Шестеро князей Польдевских, будучи горячими сторонниками современных реформ в Польдевии, не забывали и о славном прошлом своей страны. Высокие доходы от нефтедобычи позволили им целиком и полностью — до последнего камешка и до последнего кочешка — перенести на новое место капеллу памяти несчастного князя Луиджи Вудзоя и прилегающий к ней огород, уход за которым был поручен одному овощеводу из Сен-Муэдзи-сюр-Эон.

Солнце медленно выбиралось из утренней мглы и озаряло печальные грядки с пышным и сочным салатом, которые обозначали (символически) место рокового падения с лошади, некогда оборвавшего жизнь бедного князя Луиджи. От свежевскопанной земли исходил дивный, забытый запах навоза с легкой экзотической ноткой: салат удобряли навозом польдевских горных пони, еженедельно за большие деньги доставляемым самолетом. Отец Синуль на мгновение остановился, чтобы вдохнуть полной грудью этот ностальгический аромат, напоминавший ему молодые годы в Гатинэ. Затем он вошел в церковь.
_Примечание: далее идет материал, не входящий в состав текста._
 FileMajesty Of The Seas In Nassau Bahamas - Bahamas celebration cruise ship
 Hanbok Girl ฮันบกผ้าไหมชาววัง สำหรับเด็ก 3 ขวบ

Там было прохладно и пусто — если не считать трех богомолок (двух старых и одной молодой, одной мнимой и двух настоящих), без особых надежд ожидавших появления отца Домернаса, нового настоятеля Святой Гудулы, два года назад сменившего на этой должности отца Ансестраса. Дело в том, что из-за финансовых затруднений Церковь была вынуждена сократить расходы, и отец Домернас числился настоятелем сразу нескольких храмов; поэтому он всегда спешил, ездил на велосипеде и, неуверенно чувствуя себя с прихожанами, старался по возможности не видеться ни с одним, а главным образом, ни с одной из них. В Святой Гудуле вдобавок еще приходилось встречаться с отцом Синулем, а Синуля кюре ужасно боялся, поскольку тот, как и сам дьявол, был превосходным богословом.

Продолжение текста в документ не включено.